The following took place more than a year ago, but it is still fresh in my mind. After a few colleagues urged me to write about it, I decided to finally do it. If the output of the commands does not match exactly whatever I had while dealing with it – bear with it. It’s far from being the point.

The horror

I took a break from work last year and decided to go and have some fun in NZ. Oh, did I have fun there!
There’s nothing more frustrating than returning to work, turning on your dusty computer and witnessing the following:

*** An error ocfcurred during the filesystem check.
Give root password for maintenance (or type Control-D to continue):

Investigating it just a bit more I got to a conclusion that my /home is not mounting. OMG!!! all of my personal customizations and some private data is at /home!
I must admit, it’s nothing that couldn’t be reproduced at a reasonable amount of time, but having my neat KDE customizations I didn’t want to start the process from the beginning. Think about yourself losing your /home, it’s no fun.
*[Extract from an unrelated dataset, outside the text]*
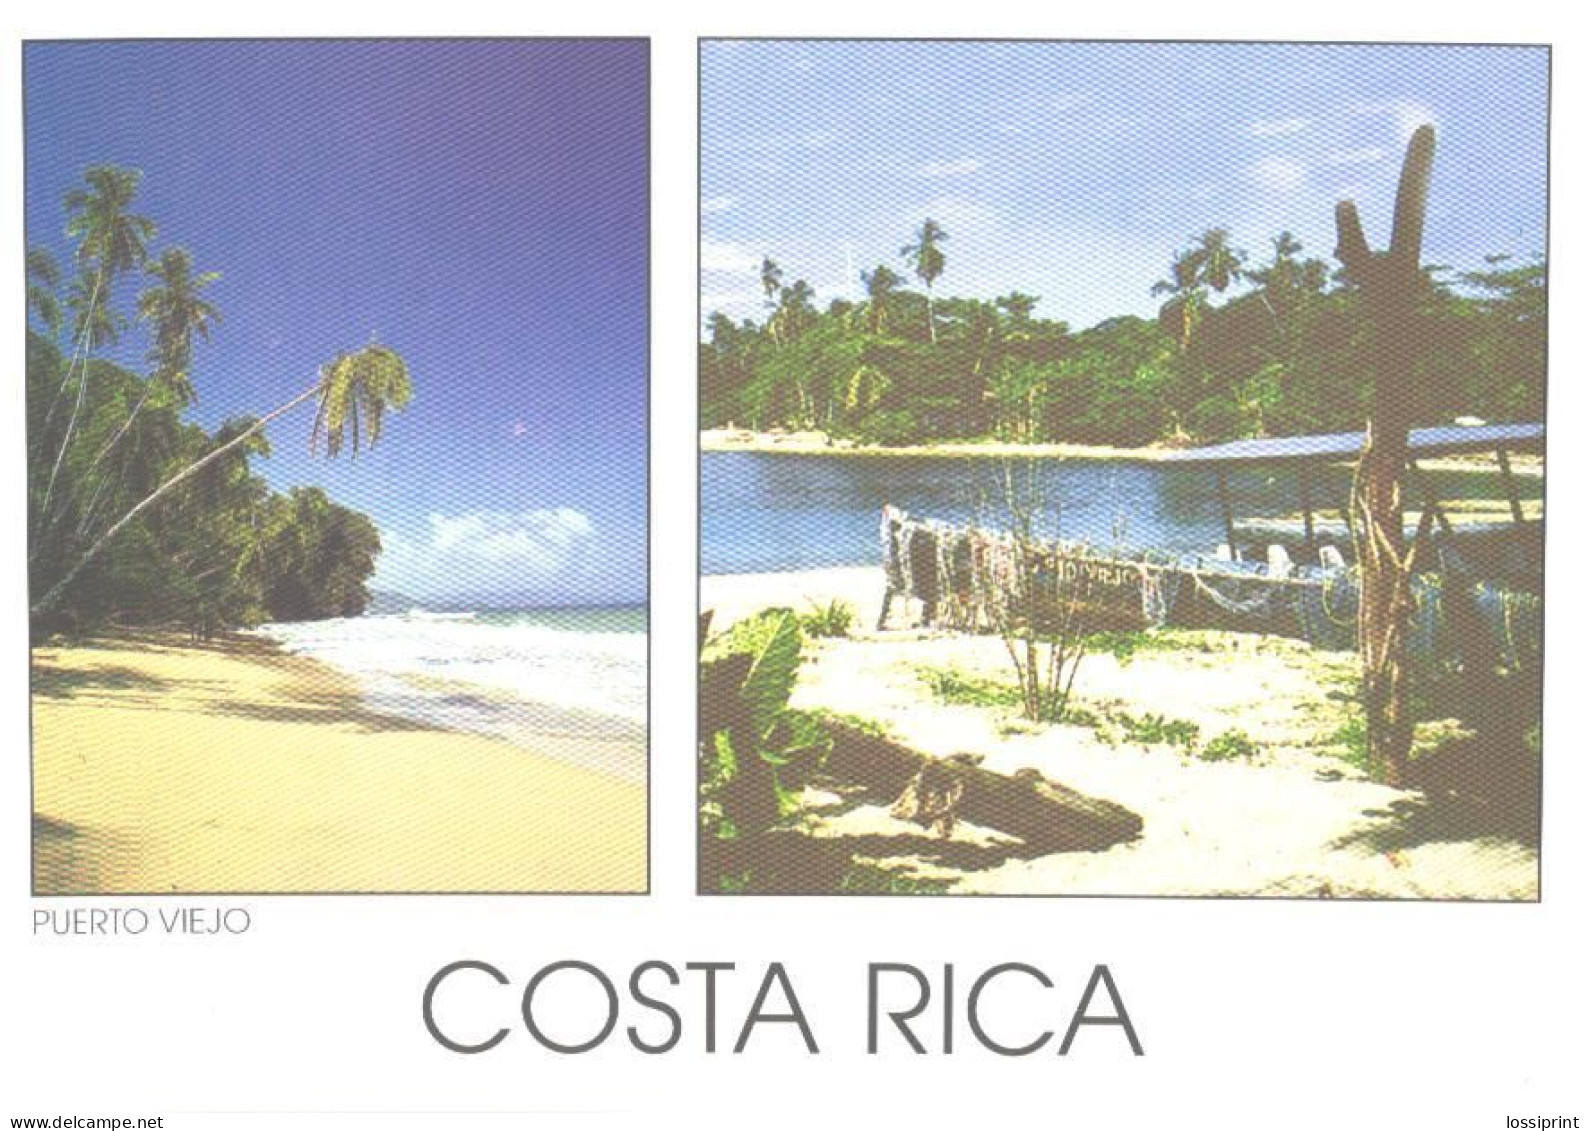 Costa Rica:Puerto Viejo, Caribean Coast - Costa Rica

I decided I wanted it back.
OK, so I’m running e2fsck:

# e2fsck /dev/sda5
e2fsck 1.39 (29-May-2006)
e2fsck: No such file or directory while trying to open /dev/sda5

The superblock could not be read or does not describe a correct ext2
filesystem.  If the device is valid and it really contains an ext2
filesystem (and not swap or ufs or something else), then the superblock
is corrupt, and you might try running e2fsck with an alternate superblock:
    e2fsck -b 8193 


Oh man, how frustrating, e2fsck can’t read my superblock!
Something I did notice during boot up, is that the HD is very noisy, in addition to very slow boot process. It wasn’t a new HD and it has worked hard (I tested on it numerous times our FS infrastructure of video recording). Probably it’s time has come.
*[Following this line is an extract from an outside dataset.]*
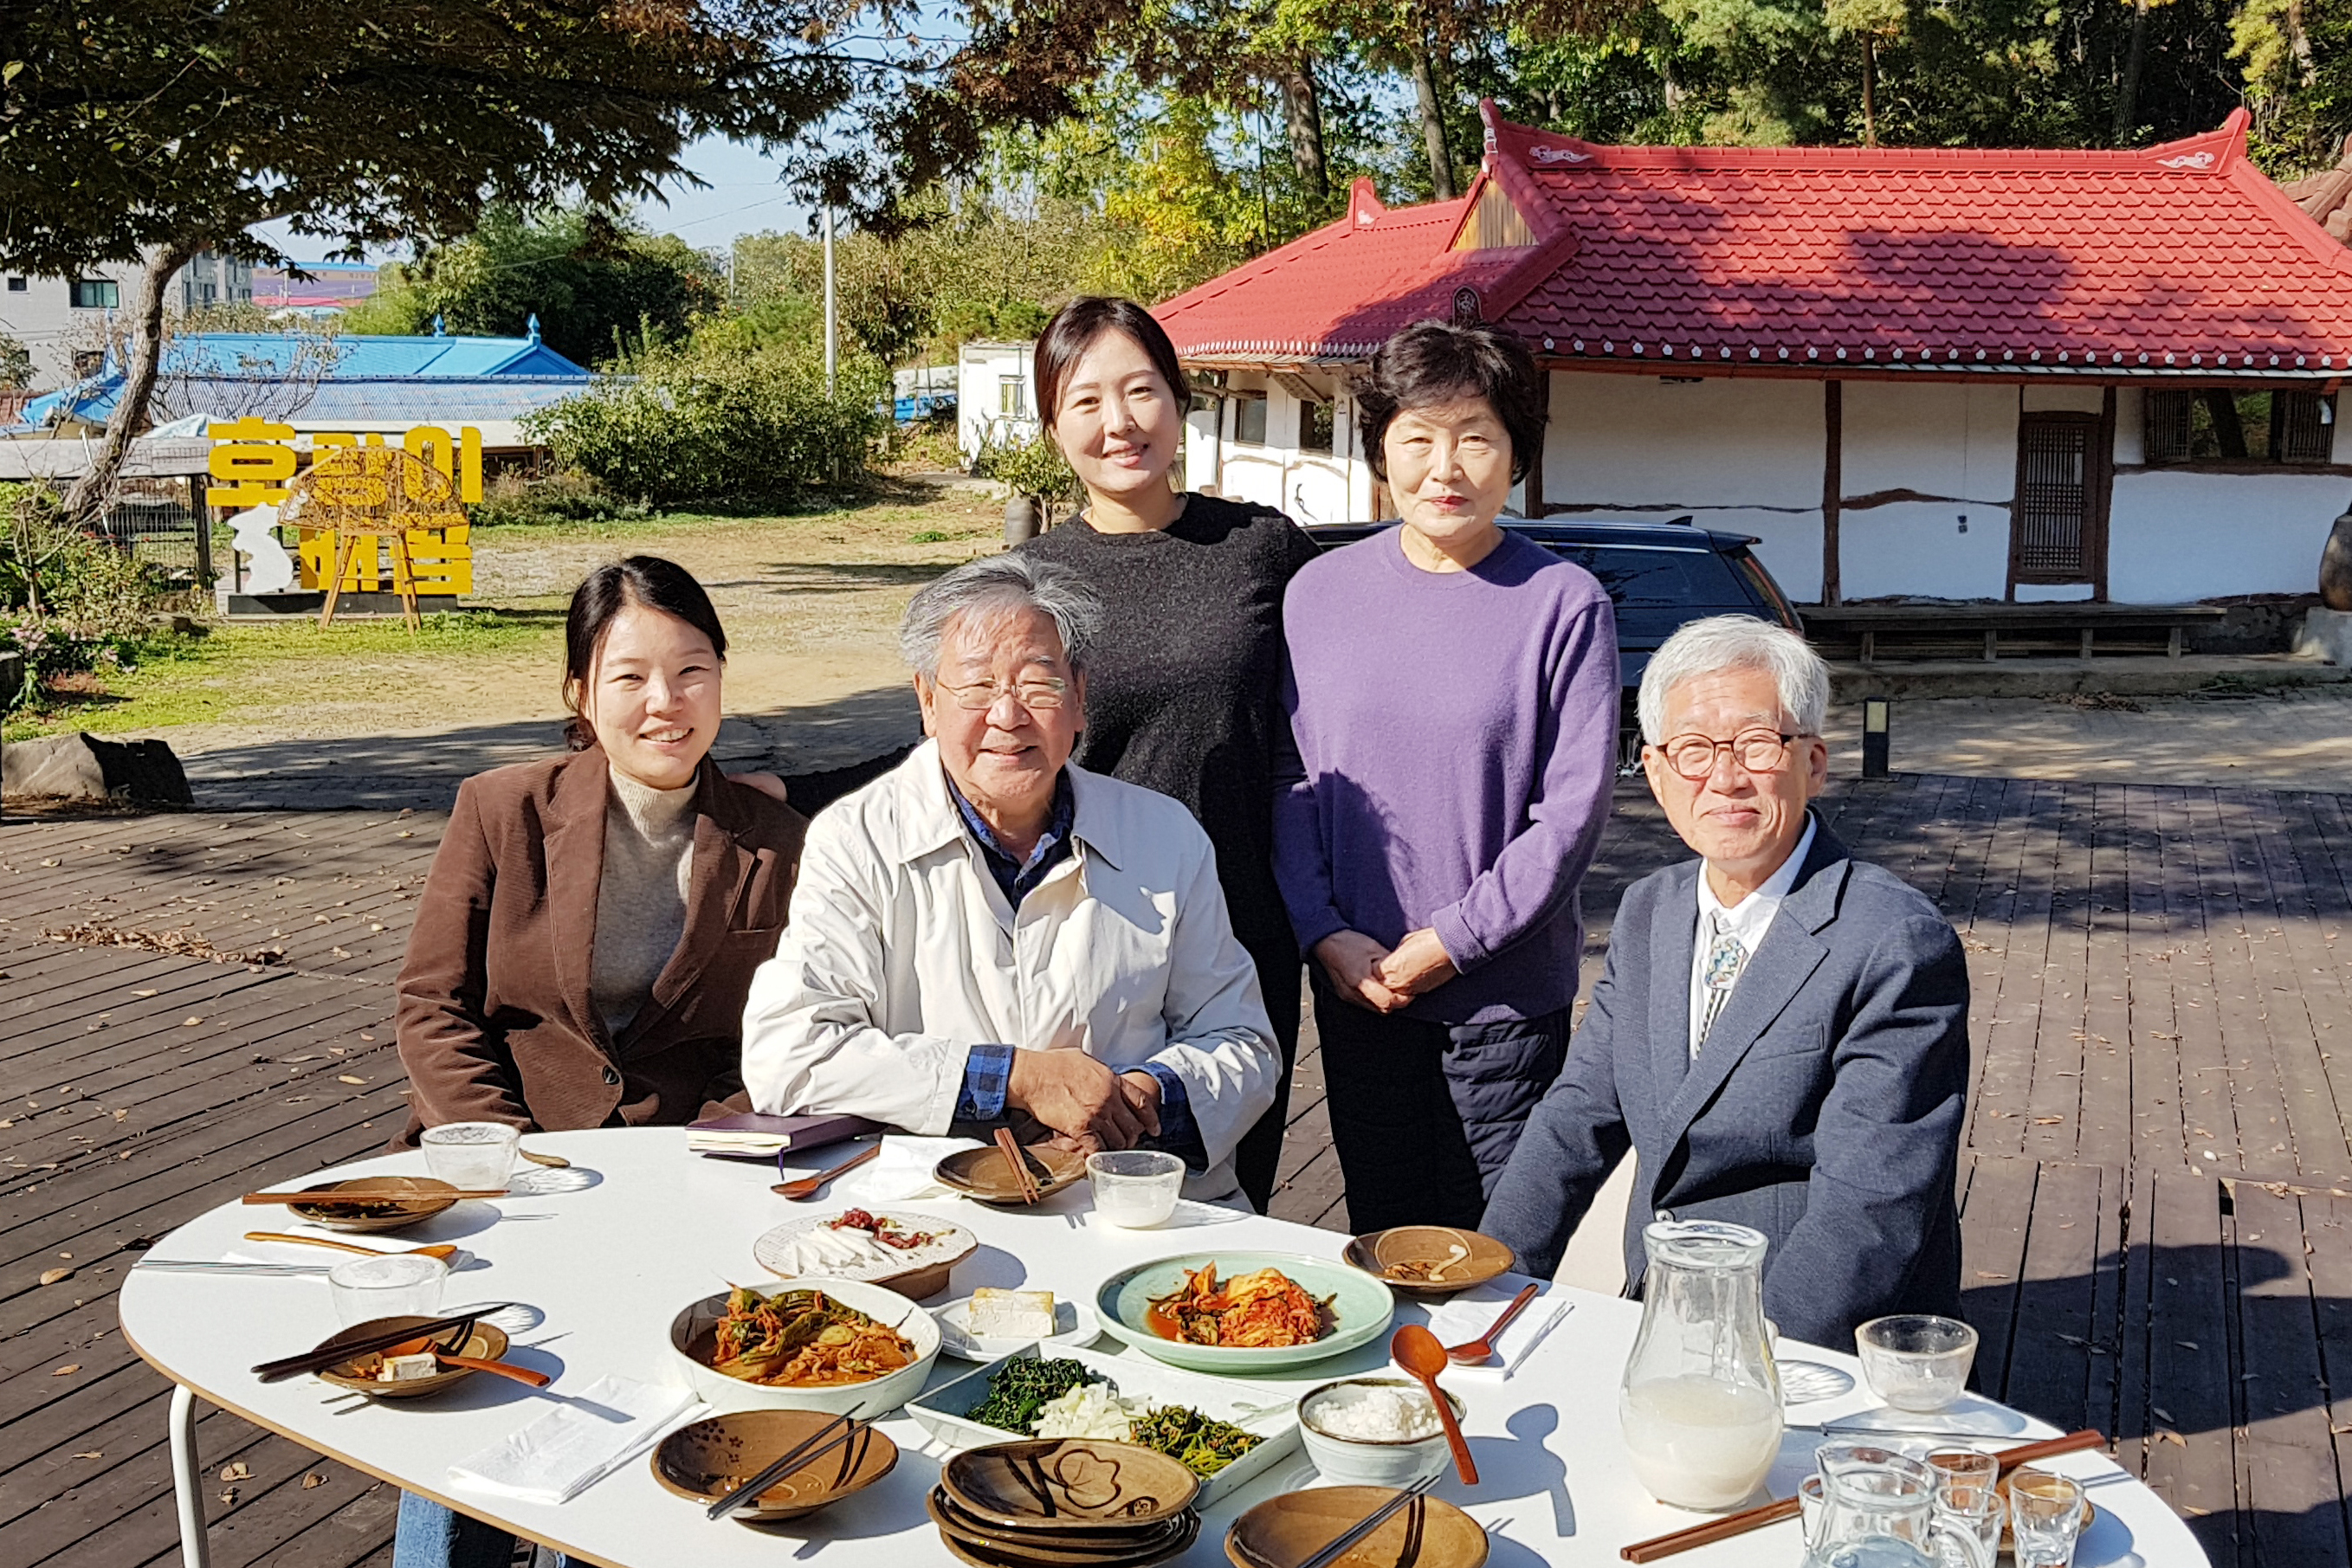 지난 11월 KBS  주안상 특집에 출연했던 이혜인 씨 가족. ⓒ밝은세상영농조합법인

I wanted to feel at /home again.
I decided the smartest thing would be to first try and copy this whole partition aside as I knew there is a hardware problem with the HD. After I’ll solve that one, I could hopefully handle the missing superblock problem much better.

Getting physical

So I quickly inserted a fresh new HD to my machine, disconnected the old faulty HD (it caused the computer to boot so slow because of it’s defects) and issued a network install.
15 minutes later I’m again at linux, with a bare new /home, and the faulty HD connected to it, slowing the computer as hell.
I was sure dd would come for the rescue:

# dd if=/dev/sda5 of=home-sweet-home.ext3 bs=4M

After a few minutes of anticipation and cranky HD noises, I’m with:

dd: reading `/dev/sda5': Input/output error
0+0 records in
0+0 records out
# ls -l /home/home-sweet-home.ext3
-rw-r--r-- 1 root root 0 Jul  10 08:26 home-sweet-home.ext3

Great :(. I’m searching the net, searching for an aggressive dd program, something that instead of giving up on bad sectors, would fill them with zeros and continue on (hoping the defects on the HD are at a very specific place). I must admit I have almost written something by myself, but finally I’ve found dd_rescue.
And off we go:

# dd_rescue -e 1 -A /dev/sda5 /home/home-sweet-home.ext3

It ran for hours! It was 65GB that dd_rescue had to tackle. With a dying HD that could take a lot of time. After more or less 8 hours I was back at my desktop, looking at my old home:

# ls -lh /home/home-sweet-home.ext3
-rw-r--r--   1 root   root        61G Jul  10 20:43 home-sweet-home.ext3

Being logical

OK, that’s it, I have my data. Time to dump the old HD and deal with the logical errors I still have with this partition dump. Mounting the partition gave me the same result as I pasted above: no superblock – no fun!
Oh! but ext3 always creates a few backup superblocks, maybe this is my lucky day where I will finally be able to use one of these backups. You are probably familiar with the following output:

# e2fsck /tmp/e2fsck-test
27 block groups
8192 blocks per group, 8192 fragments per group
1992 inodes per group
Superblock backups stored on blocks:
        8193, 24577, 40961, 57345, 73729, 204801

Writing inode tables: done
Writing superblocks and filesystem accounting information: done

Now go figure out where your backup superblocks are. Trying the obvious of 8193 and 32768 did not work for me. I knew there should be more backup superblocks. Google comes for the rescue again. I was quite close at this time as well to writing a small C program that would search the partition dump for ext3 superblock signatures and tell me where the backup superblocks are. But then again, I thought I’m probably not the first one who needs such a utility, here TestDisk came for the rescue.
I simply ran TestDisk which reveled the remaining trustworthy superblocks on my damaged filesystem.
Later on I discovered that it is also possible to run e2fsck on a partition with the same size and see where the superblocks get written. However, I think that probing the superblocks is much cleaner altogether.

# mkdir /home2
# mount -o loop,ro,sb=884736 /home/home-sweet-home.ext3 /home2


Did it work?

# ls -l /home2
drwxr-xr-x  41 dan    dan    8192 Feb  5 13:39 dan
drwx------   7 distcc distcc   88 Jul 26 15:24 distcc
drwxrwxrwx   2 nobody nobody    1 Feb  5 05:39 public

Wow, it did!
So how much of it was eventually damaged? – less than 1%!
So I’ve found a few garbled files I didn’t need anyway, but I was more than 99% back at /home.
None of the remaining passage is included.